We present Singpath-VL, a vision-language large model, to fill the vacancy of AI assistant in cervical cytology. Recent advances in multi-modal large language models (MLLMs) have significantly propelled the field of computational pathology. However, their application in cytopathology, particularly cervical cytology, remains underexplored, primarily due to the scarcity of large-scale, high-quality annotated datasets. To bridge this gap, we first develop a novel three-stage pipeline to synthesize a million-scale image-description dataset. The pipeline leverages multiple general-purpose MLLMs as weak annotators, refines their outputs through consensus fusion and expert knowledge injection, and produces high-fidelity descriptions of cell morphology. Using this dataset, we then fine-tune the Qwen3-VL-4B model via a multi-stage strategy to create a specialized cytopathology MLLM. The resulting model, named Singpath-VL, demonstrates superior performance in fine-grained morphological perception and cell-level diagnostic classification. To advance the field, we will open-source a portion of the synthetic dataset and benchmark.
Paper Structure (18 sections, 5 figures, 4 tables)

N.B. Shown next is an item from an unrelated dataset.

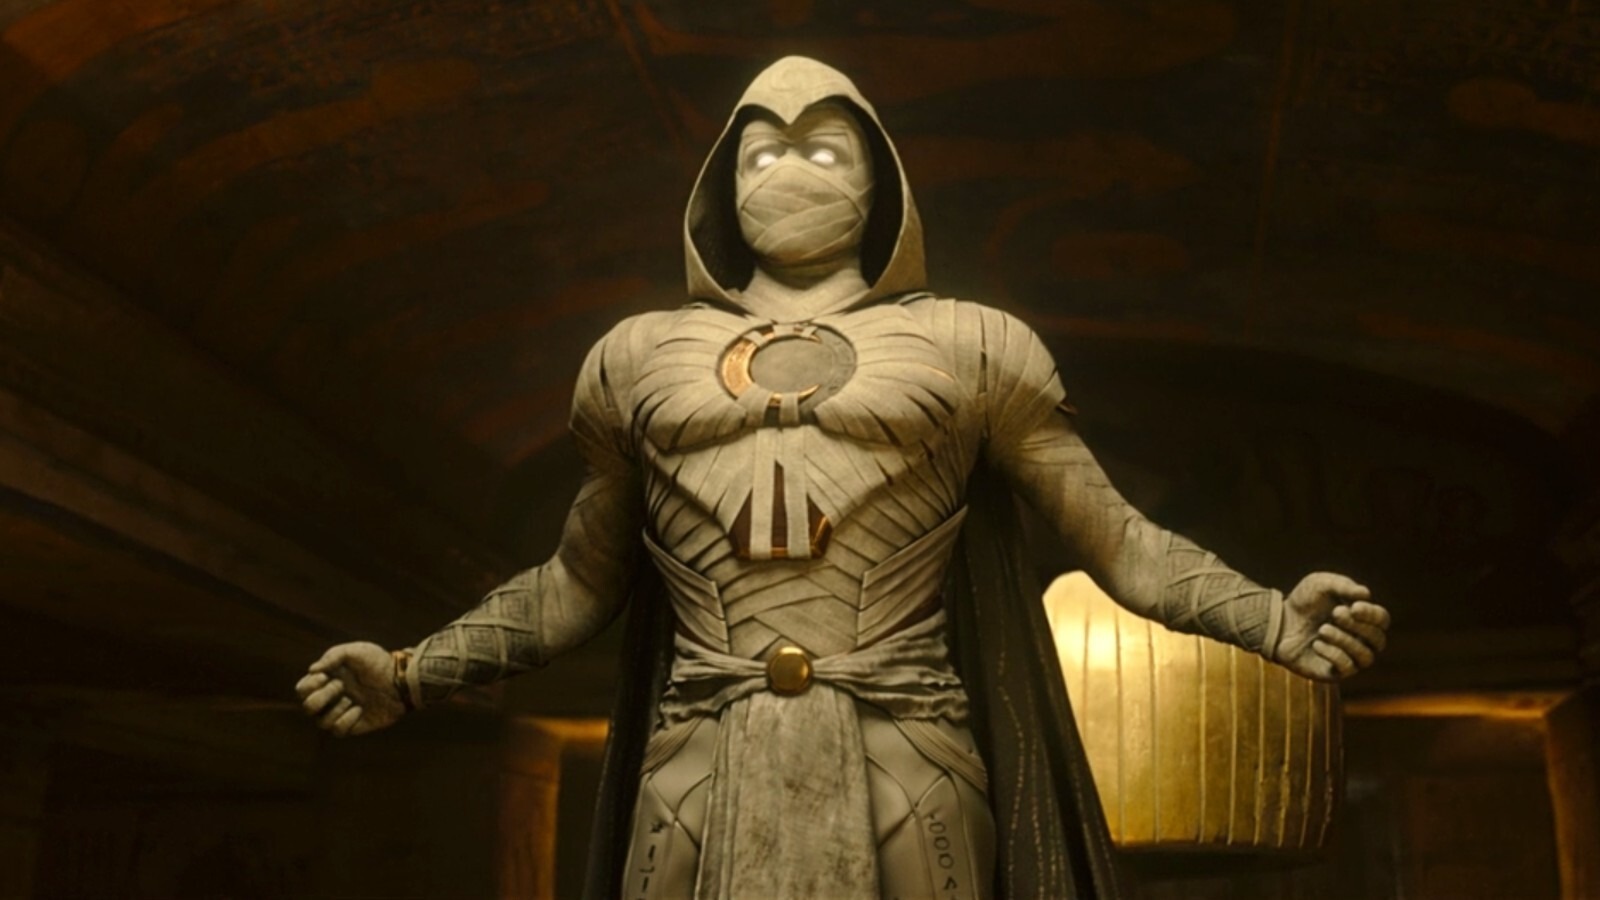 Moon Knight Season 1 Ending Explained: The Only Way Forward Is Together

This paper contains 18 sections, 5 figures, 4 tables.

Figures (5)

  • Figure 1: Overview of the multi-stage training recipe for Singpath-VL. The pipeline consists of three consecutive stages: (1) Vision-Language Alignment for domain grounding, (2) Supervised Fine-Tuning for instruction following, and (3) Knowledge Replay for mitigating catastrophic forgetting, resulting in a specialized and robust cervical cytology MLLM.
  • Figure 2: Comparison of average performance scores (%) on MorphoPercept-Bench. This bar chart aggregates the mean values across all key morphological observations.
  • Figure 3: Comparison of average performance scores (%) on CytoCell-Bench. This bar chart aggregates the mean values across 6 diagnostic categories.
  • Figure 4: Qualitative comparison of responses from three vision-language models (Singpath-VL, Qwen3-VL-4B, and InternVL-3.5-38B from left to right) on a sample of Negative for Intraepithelial Lesion or Malignancy (NILM).
  • Figure 5: Qualitative comparison of responses from three vision-language models (Singpath-VL, Qwen3-VL-4B, and InternVL-3.5-38B from left to right) on a sample of Low-Grade Squamous Intraepithelial Lesion (LSIL).